# 2.4 | Exact Solutions

The differential form $$M(x,y)\; dx + N(x,y) \; dy$$ is said to be exact in a rectangle $$R$$ if there is a function $$F(x,y)$$ such that

$$\frac{\partial F}{\partial x}(x,y) = M(x,y)$$
and
$$\frac{\partial F}{\partial y}(x,y) = N(x,y)$$

for all $$(x,y)$$ in $$R.$$
If $$M(x,y)\; dx + N(x,y) \; dy$$ is an exact differential form, then the equation
$$M(x,y)\; dx + N(x,y) \; dy = 0$$
is called an exact equation.

Suppose the first partial derivatives of $$M(x,y)$$ and $$N(x,y)$$ are continuous in a rectangle $$R.$$ Then
$$M(x,y) \; dx + N(x,y) \; dy = 0$$
is an exact equation in $$R$$ if and only if the compatibility condition
$$\frac{\partial M}{\partial y}(x,y) = \frac{\partial N}{\partial x}(x,y)$$
holds for all $$(x,y)$$ in $$R.$$
Method for Solving Exact Equations

1. If $$M \; dx + N \; dy = 0$$ is exact, then $$\frac{\partial F}{\partial x} = M.$$ Integrate this last equation with respect to $$x$$ to get
$$F(x,y) = \int M(x,y) \; dx + g(y).$$
2. To determine $$g(y),$$ take the partial derivative with respect to $$y$$ of both sides of the equation for $$F(x,y)$$ and substitute $$N$$ for $$\partial F / \partial y.$$ We can now solve for $$g'(y).$$
3. Integrate $$g'(y)$$ to obtain $$g(y)$$ up to some constant.
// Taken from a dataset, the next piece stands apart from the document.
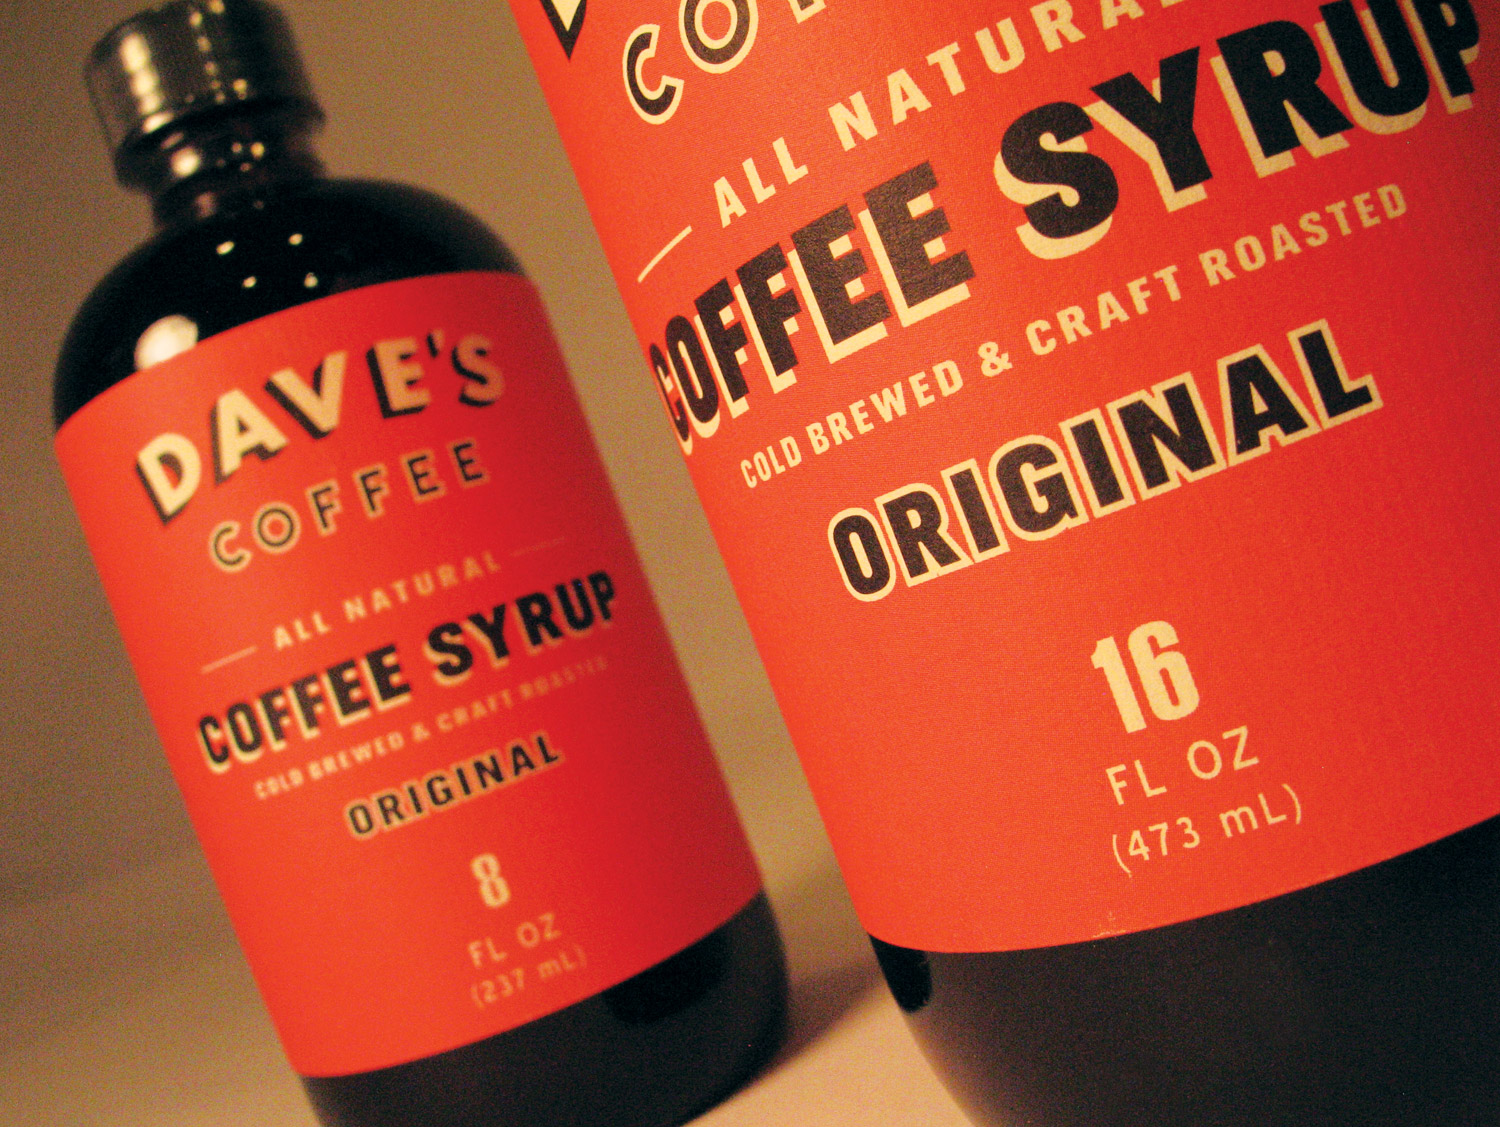 Daves-Coffee-Syrup-Packaging-016.jpg

Substituting $$g(y)$$ into the equation in step (1), we obtain the solution $$F(x,y) = C$$ to the given exact differential equation
Alternatively, starting with $$\partial F/ \partial y = N,$$ the implicit solution can be found by first integrating with respect to $$y.$$)